Your analogy is not valid. The notion that someone would -ONLY- have ever drive a 6th gen turbo 4 Camaro is pretty much unattainable. And it's the sole basis on which the rest of the comparison is based.

Why does a soap need to rinse "better" than another to be better soap? What about rinseless?

But a turbo for could be the fastest car they’ve owned so to that reference still fast to them. Still never been in a SS.

Relativity.... i took you saying all i used. Never mentioned only Camaro.

Your LSP has nothing to do with the soap rinsing clean. It could actually hinder the performance of the LSP.

That is where the benefits of a soap that rinses cleaner make a difference.

Rinse less is a whole different formulation and technology.... surfactants and stuff. Nit considered a detergent or soap.

The best car soap on the planet (CarPro Reset for me) cannot be wiped or sprayed on and wiped off.... different chemistry.

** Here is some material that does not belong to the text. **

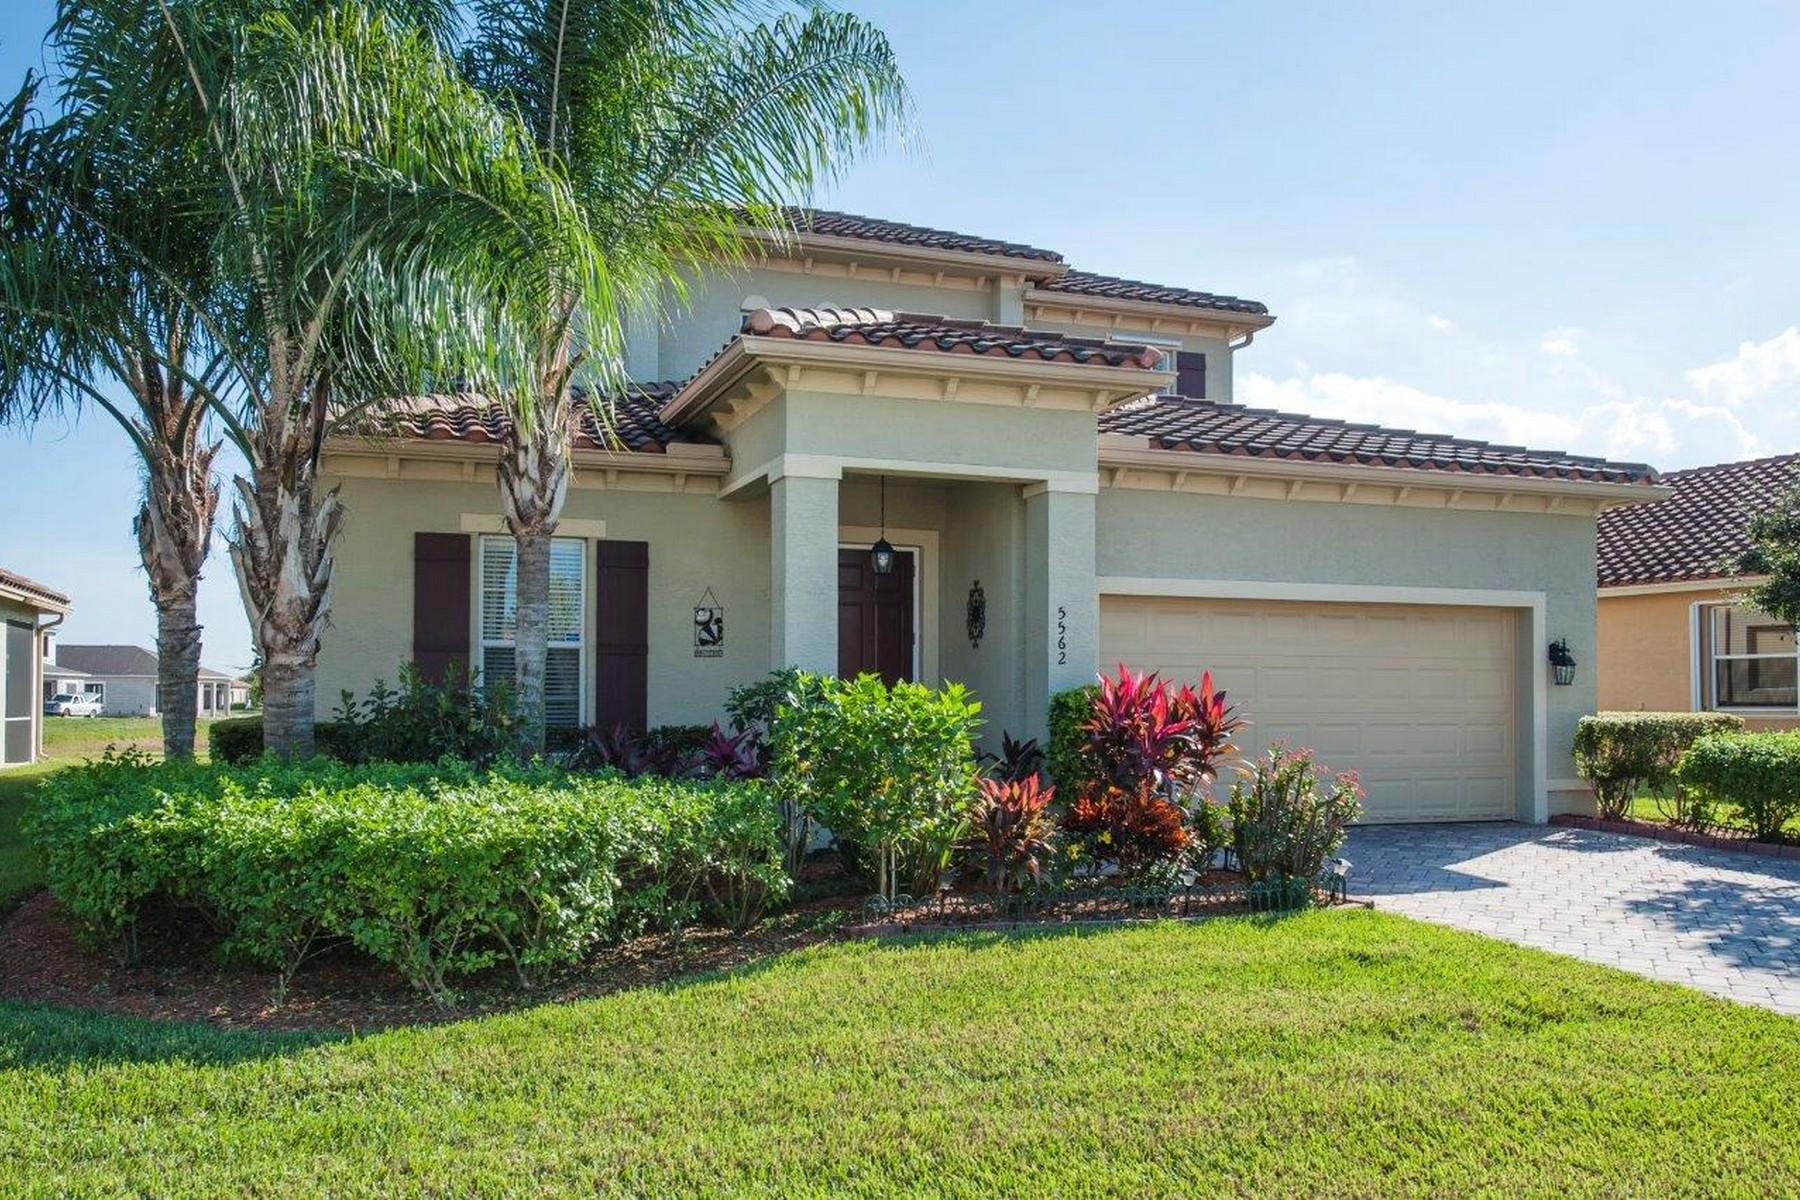 Moradia para Venda às Gorgeous Verolago Home on Lake 5562 57th Way Vero Beach, Florida, 32967 Estados Unidos

And you don’t want to get into rinse less with me.... i could do that all day.

Also if you do rinse less or waterless washes check out Ammo Frothe. Amazing stuff also.

And as i mentioned before if you buy your soaps OTC (Wal Mart or Autozones). Gold class is good relative to whats available.

If purchasing from them try Griots Brilliant shine car soap and their rinse less if available.

Check out Autogeek forum if your interested in reading about gold class issues.

You’ll find alot on the old google talking about where gold class strips LSP. Realistically it’s just clogging.